Conclusões sobre o Imposto de Renda e Jurisprudência sumulada

O Imposto de Renda, desde a sua previsão no CTN, apresentou algumas mudanças no sentido de aumentar a efetividade em sua arrecadação. Situações que não haviam sido previstas passaram a ser consideradas para a finalidade de sua arrecadação.

Algumas isenções foram previstas com intuito de não se tributar atividades que não visam ao lucro (como no caso das cooperativas), ou que trazem situações que podem acarretar uma perda patrimonial do contribuinte em casos de idade ou de enfermidades crônicas (como a parcela isenta de IR das aposentadorias, ou dos casos de neoplasia maligna – câncer, ou AIDS), mas a jurisprudência sobre o Imposto de Renda teve que cotejar estas isenções, para evitar que determinadas classes de contribuintes fossem indevidamente beneficiadas.

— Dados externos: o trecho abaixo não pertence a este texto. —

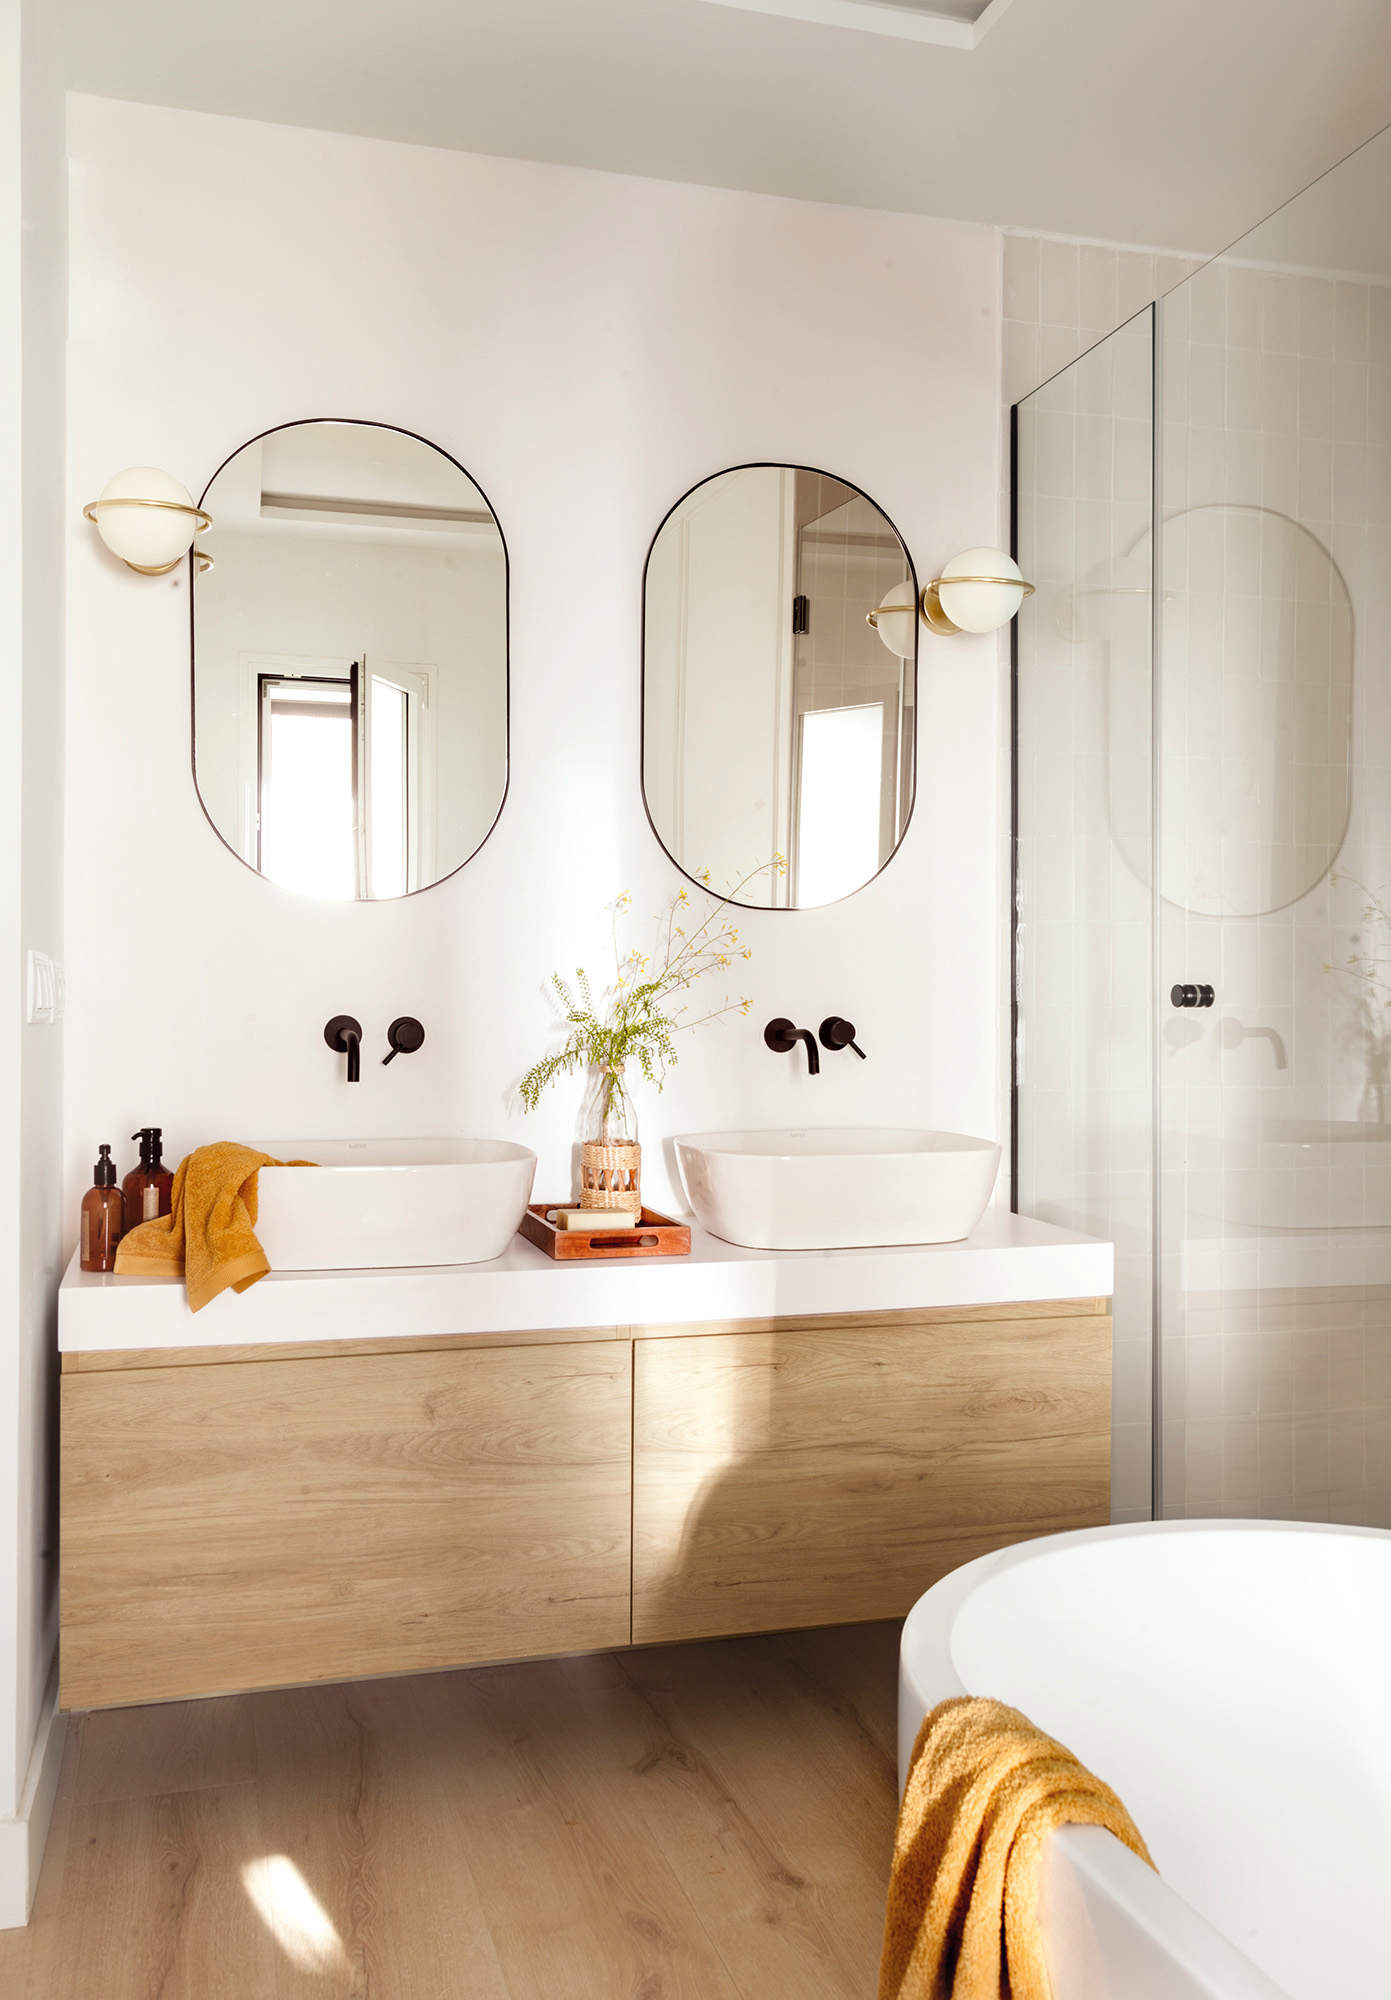 Baño pequeño con bañera, mueble volado, lavabos exentos, grifería empotrada, espejos ovalados y apliques globo.

Por último, os casos de enfermidades crônicas ou graves também tiveram apreciação na jurisprudência do Imposto de Renda. Os casos analisados apresentaram uma consideração especial com a dignidade da pessoa humana, no sentido de evitar constranger o contribuinte a comprovar a perenidade de uma condição incapacitante ou que debilita sua saúde, que, em regra, se é crônica, o pressuposto deveria ser o inverso: o contribuinte deveria comprovar que teve sua saúde restaurada, em vez de comprovar que continua doente.